Topps suffers as home refurbs delayed
A stagnant housing market and drop in domestic purchasing power have been blamed for a rapid decline in profits and revenue at Leicestershire-based Topps Tiles. The company posted a fall of more than £4m in its year-end pre-tax profits.
Despite dropping from £12.4m to £7.9m in profit before tax, the company said it still believes there is room to expand Topps Tiles' portfolio by a further 79 stores.
Topps grew the number of outlets it operates from 312 to 320 over the year to 1 October. Chairman Michael Jack said he thought the company could extend to 400 over the next few years.
But as homeowners put renovation profits on a backburner, Topps' revenues slipped almost £7m over the year, from £182.4m to £175.5m.

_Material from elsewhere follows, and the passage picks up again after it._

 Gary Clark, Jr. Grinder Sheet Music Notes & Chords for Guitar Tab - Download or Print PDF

Net debt also grew to £50.9m, up £900,000 on its 2010 result.
The company's 2011 results comprised a 52-week period, while the previous year was the trading results of 53 weeks.

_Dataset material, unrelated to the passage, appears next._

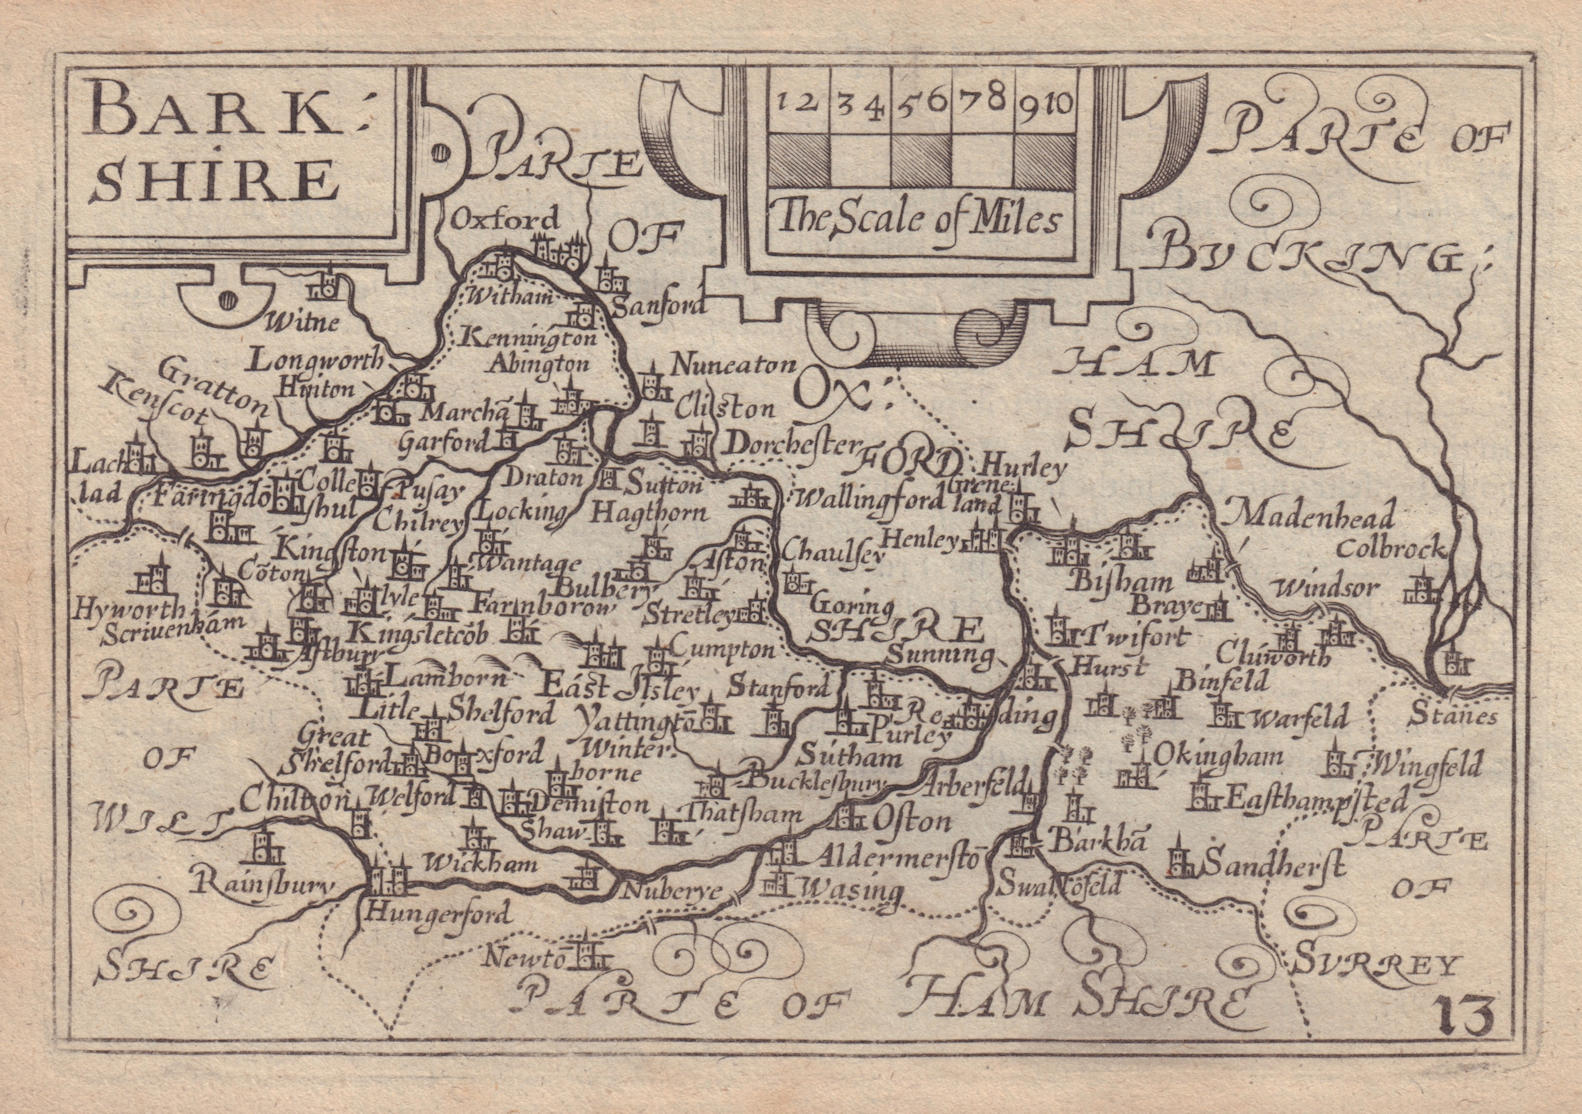 Associate Product Barkshire by van den Keere. "Speed miniature" Berkshire county map 1632

Matthew Williams, chief executive, said the company's focus had been on strengthening its market leading position.
"We further upgraded and expanded our store estate, continued the evolution of the Topps Tiles offer and supported this with new marketing initiatives in-store, on television and online," he said. "In addition, we made some significant infrastructure investments across the business which will benefit our future performance.
"Looking ahead, we expect economic conditions will remain difficult in 2012, with consumer budgets again under pressure. Our response will be to take further cost out of the business, grow margin and maximise sales opportunities, whilst making operational improvements that will position the business for future growth as economic conditions improve."
The company trades under the brands Topps Tiles and Tile Clearing House stores, which function as clearance units for the main business.
For the first seven weeks of the new financial year, Topps said group revenues, which are on a like-for-like basis, decreased by 6.9 per cent.
A final dividend of 0.6p per share was paid out at the year-end, compared with 1 pence per share at the end of 2010.